1. Regulatory Fee Obligations for Digital Low Power, Class A, and TV Translators/Boosters

40. The digital transition to full-service television stations was completed on June 12, 2009, but the digital transition for Low Power, Class A, and TV Translators/Boosters still remains voluntary with a transition date of September 1, 2015. Historically, we have considered the digital transition only in the context of regulatory fees applicable to full-service television stations, and not to Low Power, Class A, and TV Translators/Boosters. Because the digital transition in the Low Power, Class A, and TV Translator/Booster facilities is still voluntary, some of these facilities may transition from analog to digital service more rapidly than others. During this period of transition, licensees of Low Power, Class A, and TV Translator/Booster facilities may be operating in analog mode, in digital mode, or in an analog and digital simulcast mode. Therefore, for regulatory fee purposes, we clarify that we are assessing a fee for each facility operating either in an analog or digital mode. In instances in which a licensee is simulcasting in both analog and digital modes, a single regulatory fee will be assessed for the analog facility and its corresponding digital component. As greater numbers of facilities convert to digital mode, the Commission will provide revised instructions on how regulatory fees will be assessed.

2. Combining UHF/VHF Television Media Regulatory Fees

41. Regulatory fees for full-service television stations are calculated based on two, five-tiered market segments for Ultra High Frequency (UHF) and Very High Frequency (VHF) television stations, respectively. There is also a construction permit fee category for UHF and VHF. After the transition to digital television on June 12, 2009, we received comment on this issue, suggesting that the Commission combine the UHF and VHF regulatory fee categories. Combining UHF and VHF full-service television stations into a single five-tiered fee category (by market size) would in effect eliminate any distinctions between UHF and VHF services.

See Assessment and Collection of Regulatory Fees for Fiscal Year 2010, Report and Order, 25 FCC Rcd 9278, 9285-86, at paras. 18-20 (2010) (FY 2010 Report and Order) (Fireweed Communications argued that we should base the regulatory fee structure on three tiers; Sky Television, LLC, Spanish Broadcasting System, Inc., and Sarkes Tarzian argued that instead of six separate categories for both VHF and UHF we should combine them into six categories based on market size and thus eliminate any distinction between VHF and UHF.). See also Notice of Ex Parte Presentation, filed by Sarkes Tarzian, Inc. and Sky Television, LLC (Feb. 15, 2013) (arguing that VHF stations are less desirable than UHF stations and it was unfair to have higher fees for such stations; instead the fee category should be combined.).

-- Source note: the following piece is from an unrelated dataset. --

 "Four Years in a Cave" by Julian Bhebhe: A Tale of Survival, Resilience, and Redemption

42. Historically, analog VHF channels (channels 1-13) have been coveted for their greater prestige and larger audience, and thus the regulatory fees assessed on VHF stations have been higher than the regulatory fees assessed for UHF (channels 14 and above) stations in the same market area. Conversely, digital VHF channels are less desirable than digital UHF channels, and thus there may no longer be a basis on which to assess higher regulatory fees for VHF channels. Combining VHF and UHF into one fee category would eliminate the current fee disparity between UHF and VHF television stations. We propose that the UHF and VHF full service television station categories be combined into one fee category, divided into tiers based on market size, with one resulting rate. This proposal, if adopted, will be implemented in FY 2014. We seek comment on this proposal.

Table 6—Proposed Combined UHF/VHF Digital Television Fee

[Based on Figures from Table 2, Allocation % Same as in Prior Years]

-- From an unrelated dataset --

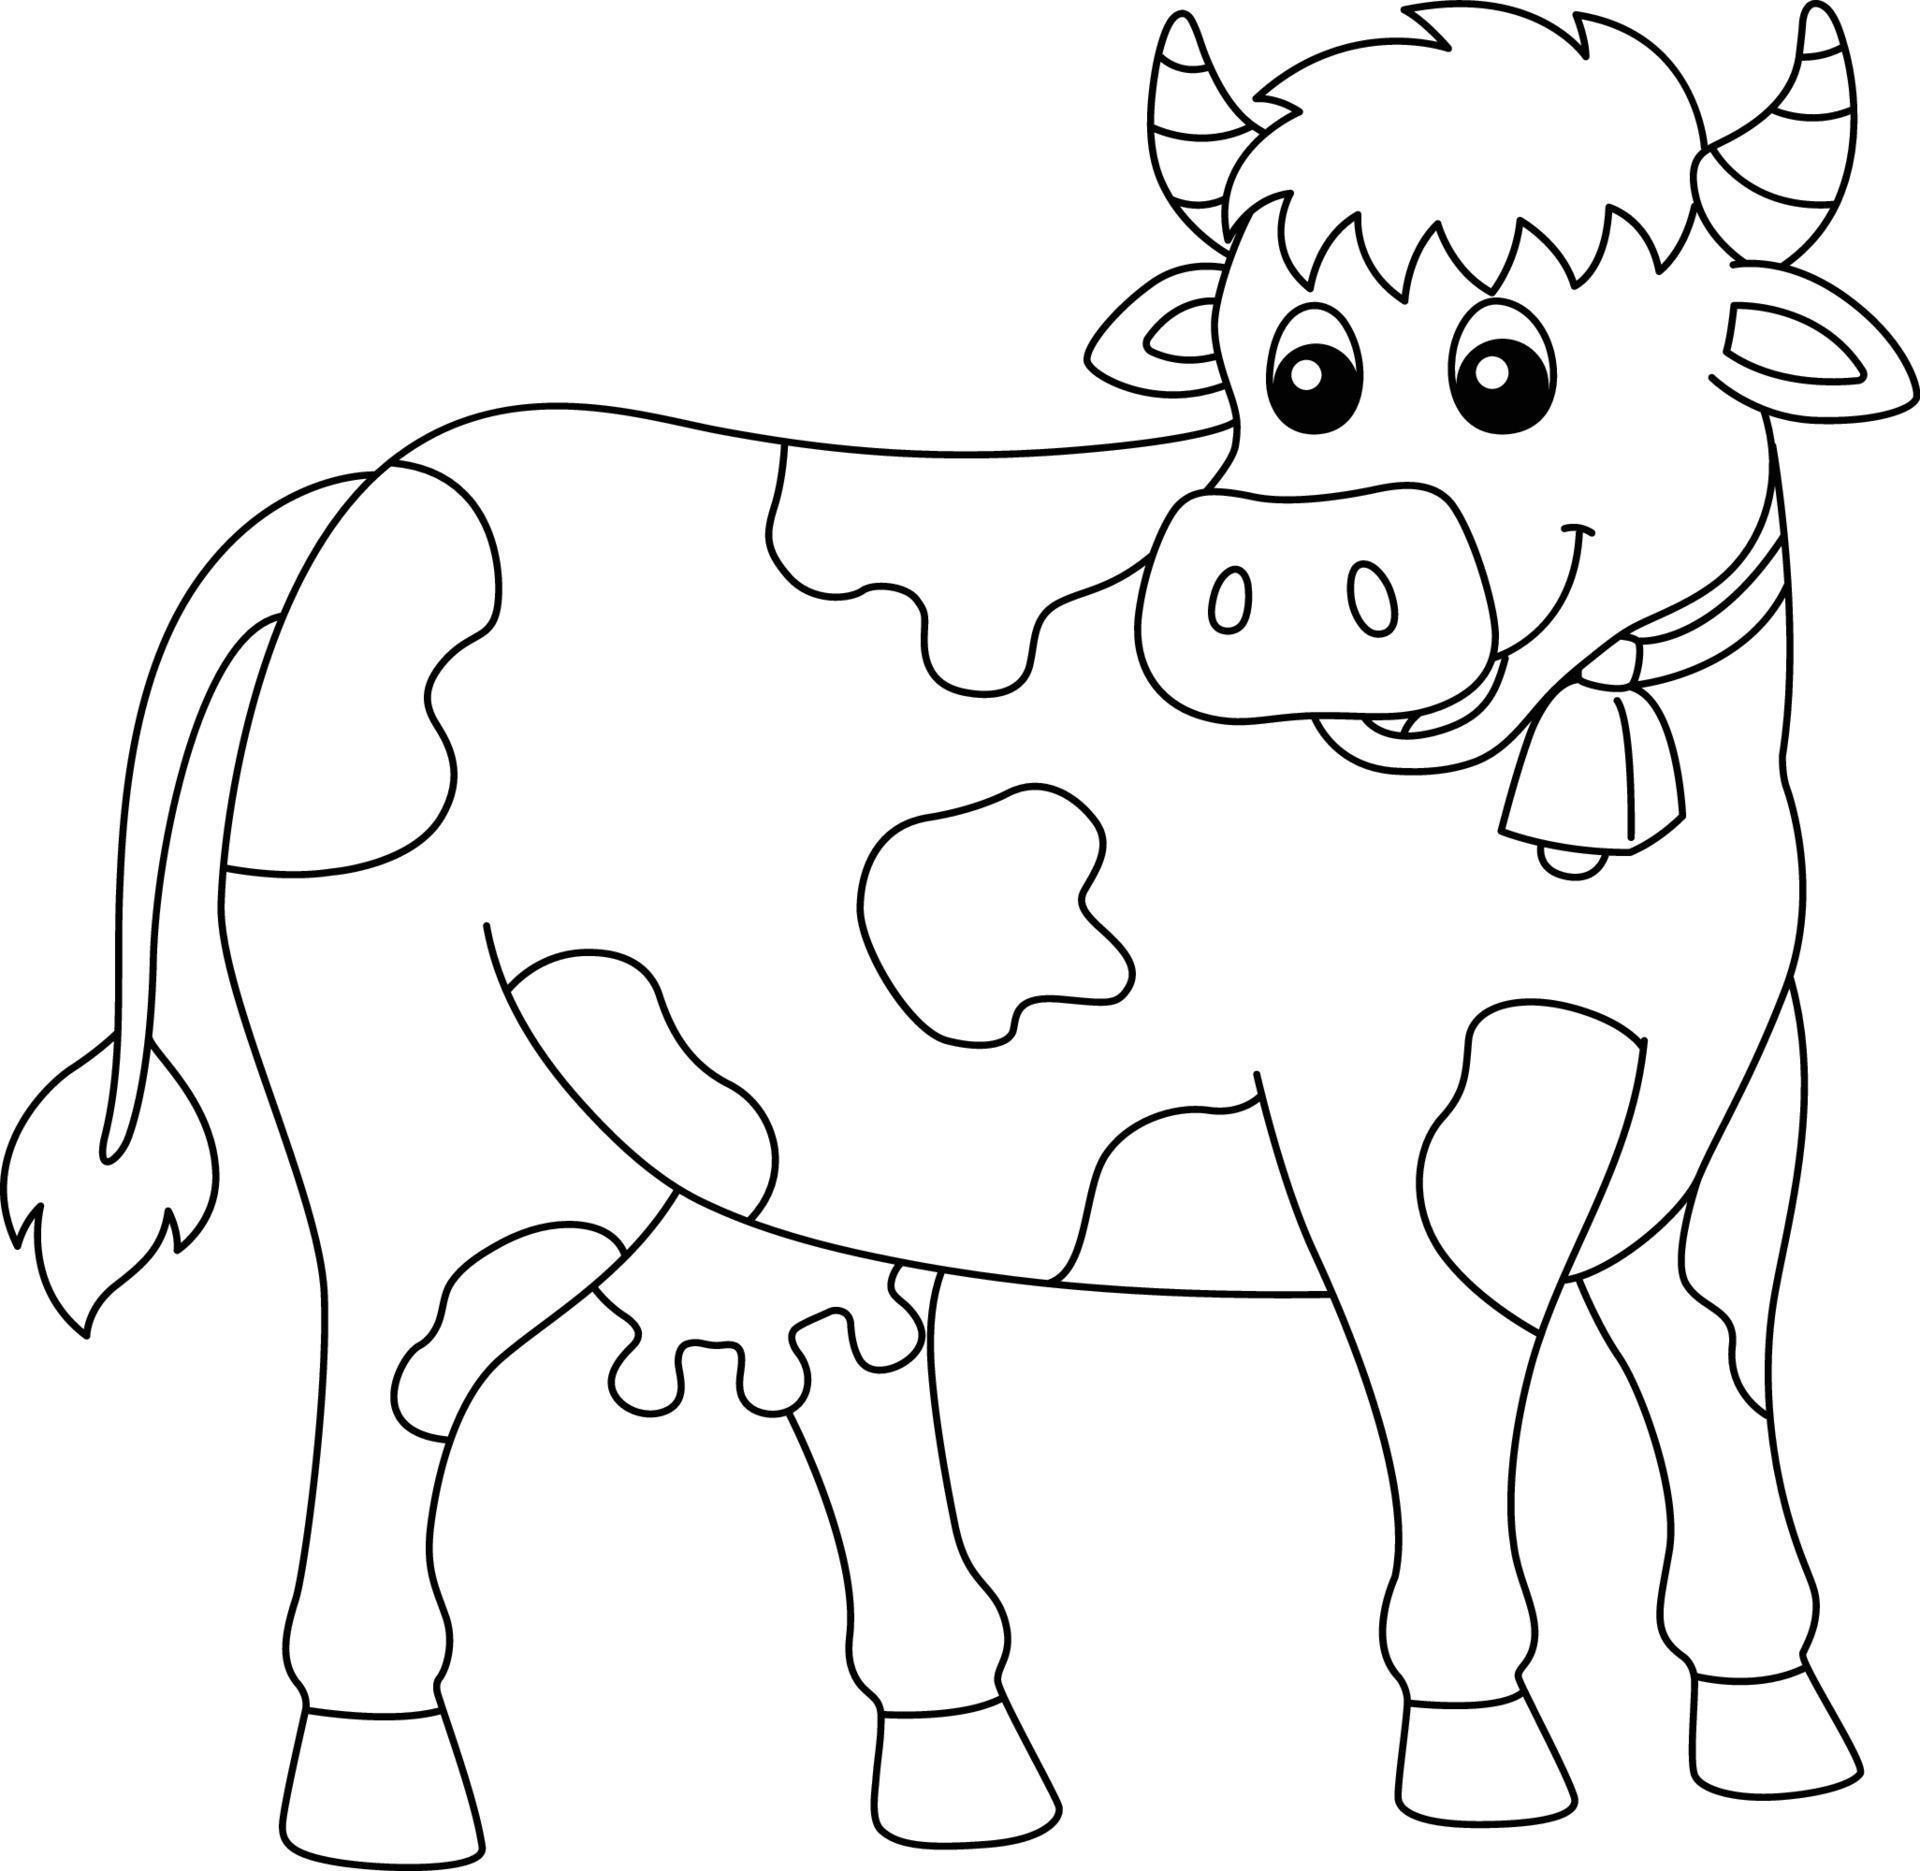 Impressive cow coloring page for 5-6 year olds

Combined fee category Units Pro-rated rev. req. Rounded FY12 fee Expected revenue
Digital Television Markets 1-10 131 $5,685,446 $43,400 $5,685,400
Digital Television Markets 11-25 129 5,359,471 41,550 5,359,950
Digital Television Markets 26-50 174 4,526,425 26,025 4,528,350
Digital Television Markets 51-100 286 4,174,475 14,600 4,175,600
Digital Television Remaining Markets 387 1,666,092 4,300 1,664,100
Digital Television Construction Permits 8 34,400 4,300 34,400

3. Internet Protocol TV (IPTV)

43. IPTV is digital television delivered through a high speed Internet connection, instead of through traditional formats such as cable or terrestrial broadcast. IPTV service generally is offered bundled with the customer's Internet and telephone or VoIP services. In the FY 2008 Report and Order we sought comment on whether this video service should be subject to regulatory fees, and if so, should the IPTV provider count this service for regulatory fee purposes in the same manner as cable services, which is on a per subscriber basis. By assessing regulatory fees on cable services but not on IPTV, we may place cable providers at a competitive disadvantage. Commenters should discuss whether IPTV is sufficiently similar to cable services to be included in the same regulatory fee category and to be assessed regulatory fees in the same manner. This proposal, if adopted, would be implemented in FY 2014.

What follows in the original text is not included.